Marketing created expectations that the film couldn’t entirely match. Trailers emphasized certain characters and story elements in ways that suggested a different kind of horror movie than the one Aster delivered. Audiences who arrived expecting a more conventional supernatural thriller found themselves in something more experimental and emotionally demanding, and that gap between expectation and reality colored many negative reactions.

Grief as a Haunting

Hereditary’s most unsettling idea isn’t any of its supernatural elements. It’s the suggestion that some damage is inherited, that pain and dysfunction pass from parent to child in ways that can’t be stopped or even fully understood. Annie’s mother controlled her. Annie, despite her best efforts, can’t escape patterns that feel predetermined. The horror of the film isn’t that a demon is coming. It’s that the family was never going to be okay, that the destruction was built into the foundation long before any supernatural force arrived to finish the job. The title isn’t just a word. It’s a diagnosis.

Should You Watch Hereditary?

Hereditary is essential viewing for horror fans who value atmosphere and character over shock value.
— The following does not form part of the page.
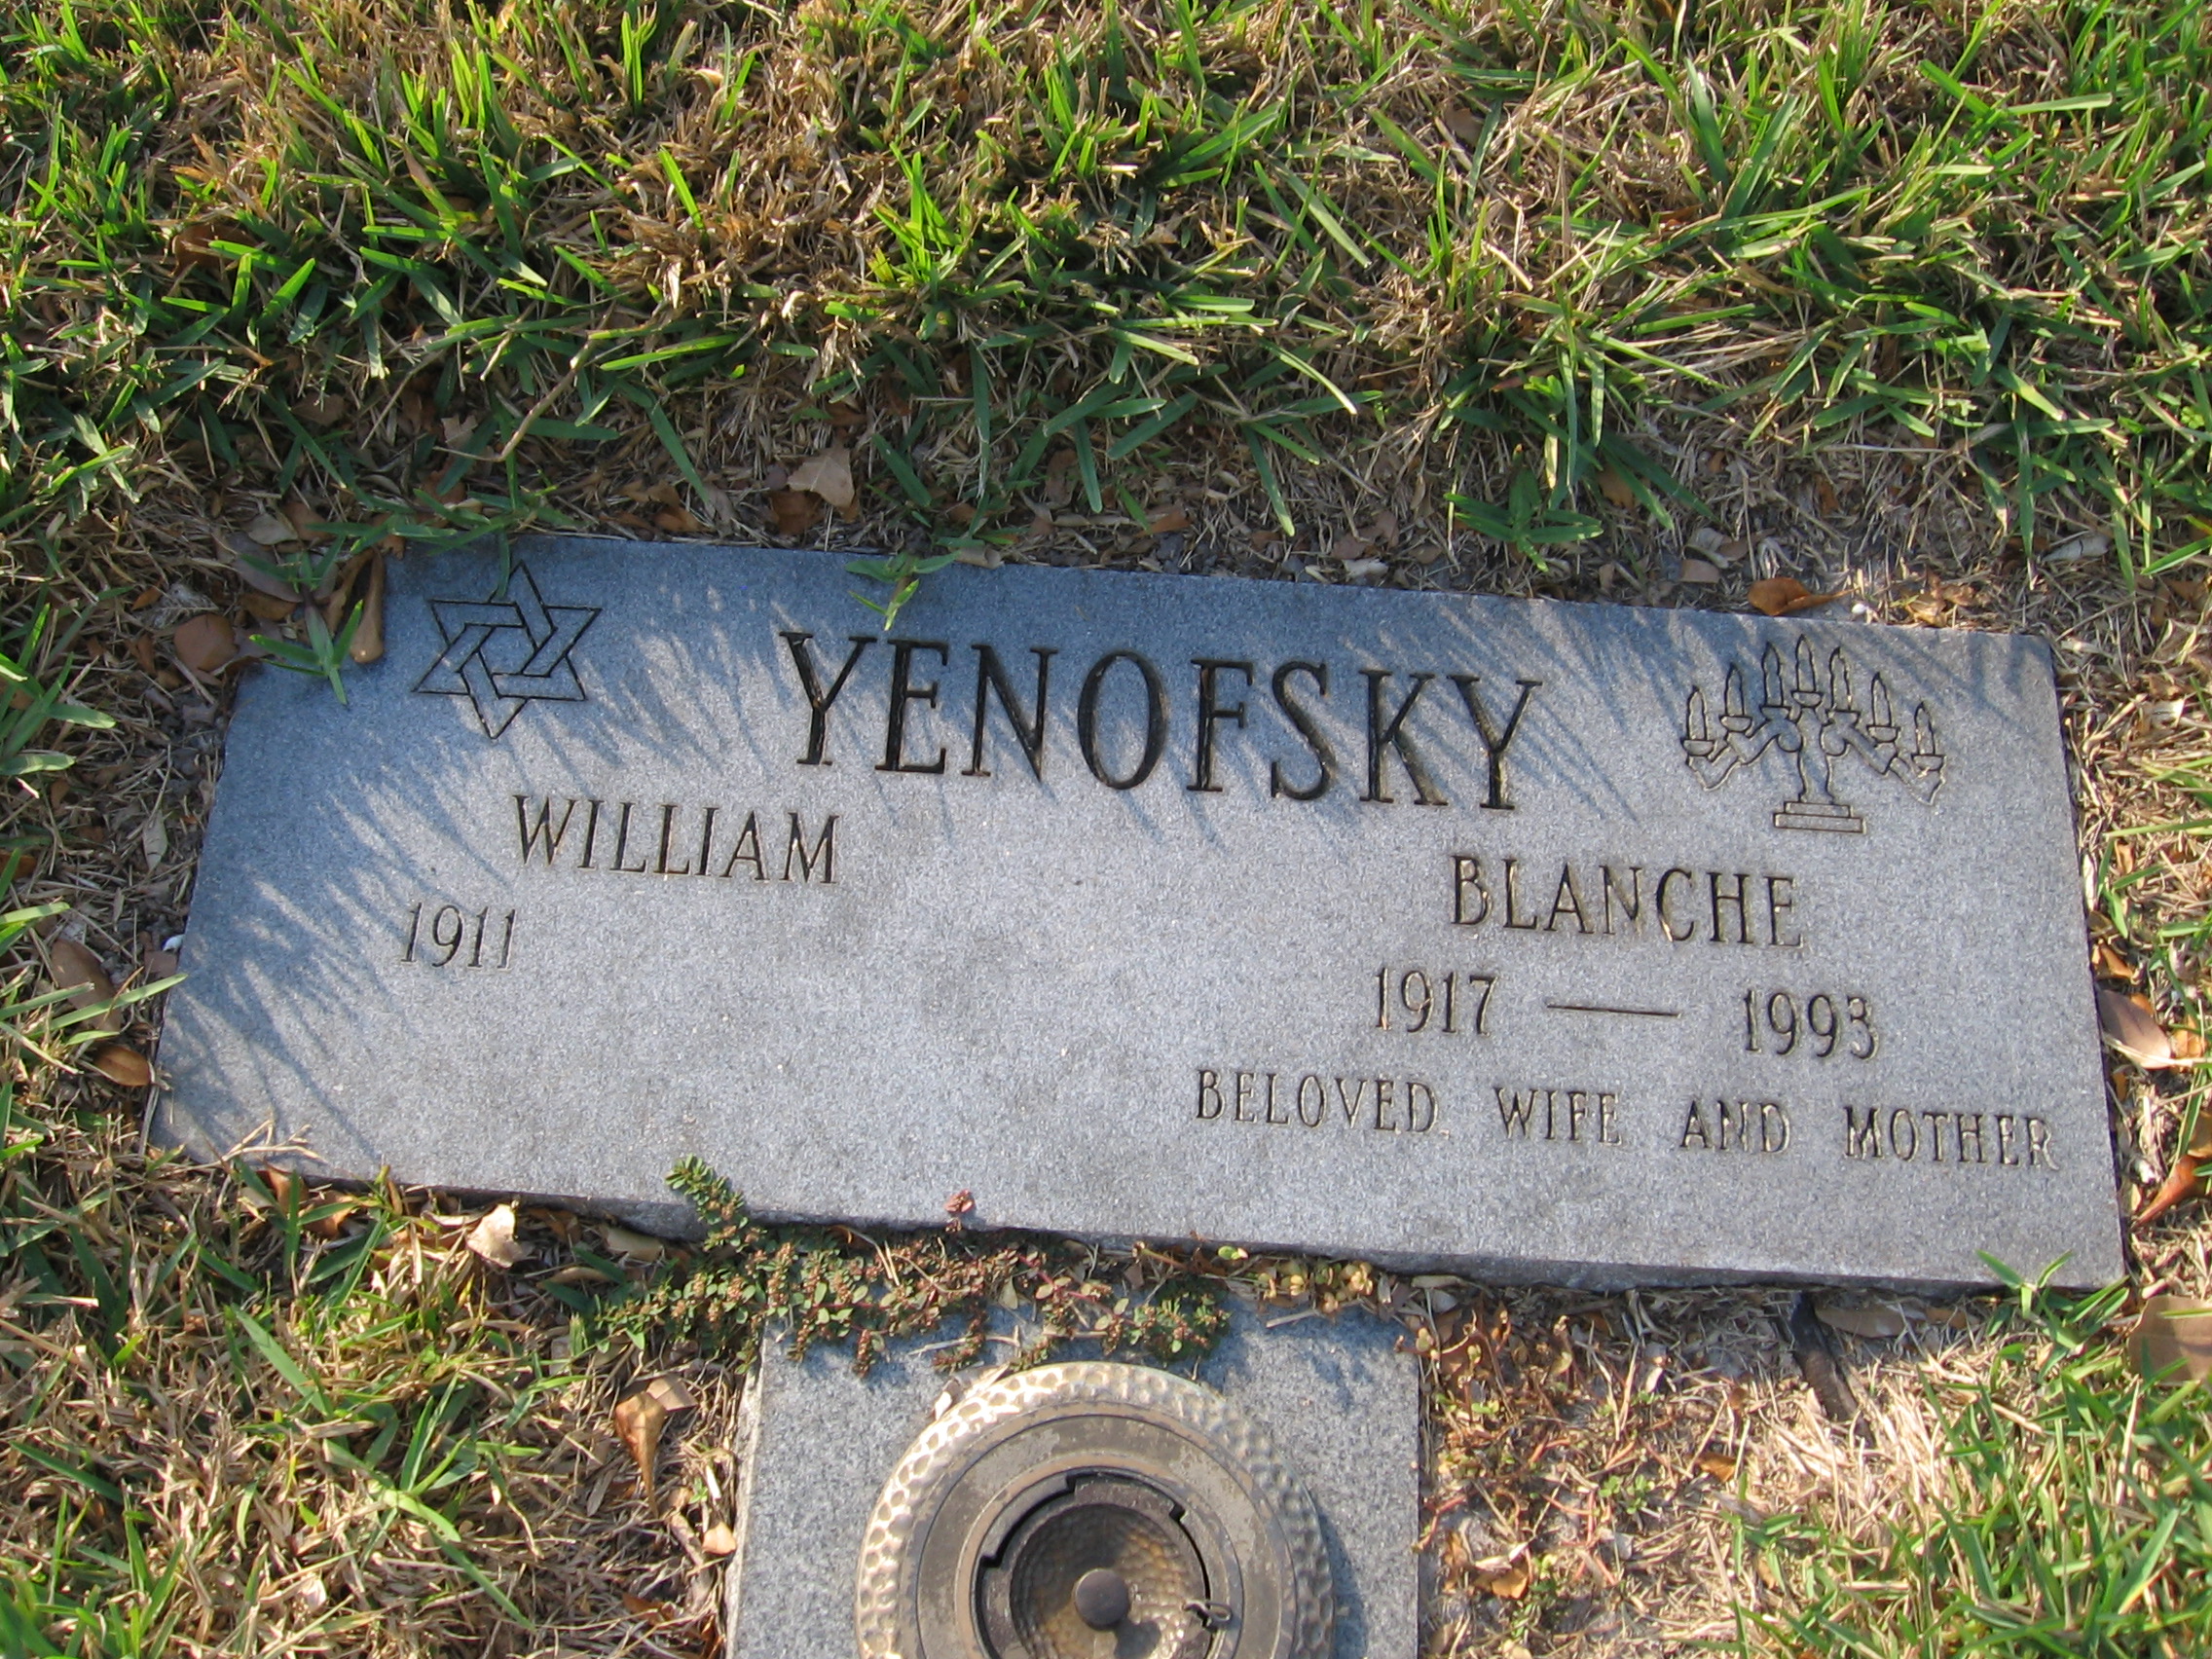 Blanche Yenofsky

If you respond to slow-burn dread, complex family dynamics, and performances that transcend genre boundaries, this film delivers all three at an exceptional level.

Skip it if you want your horror fast, fun, and resolved. This is a grim, deliberately paced film that offers no comfort and no catharsis. If the idea of a horror movie that’s primarily about grief sounds like a hard sell, trust that instinct.

The Verdict on Hereditary

Hereditary is a deeply unsettling horror film that earns its scares through character and atmosphere rather than cheap tricks. Toni Collette delivers a performance that would be the centerpiece of any prestige drama, and Ari Aster’s direction creates a sense of dread so thick it becomes almost physical. The final act’s shift into supernatural territory loses some viewers who connected more deeply with the family drama, and the film’s pacing demands patience that not all horror audiences are willing to give. But when it works, and for most of its runtime it works extraordinarily well, Hereditary feels like something new in a genre that rarely surprises anymore. It doesn’t just scare you. It disturbs you on a level that’s hard to shake.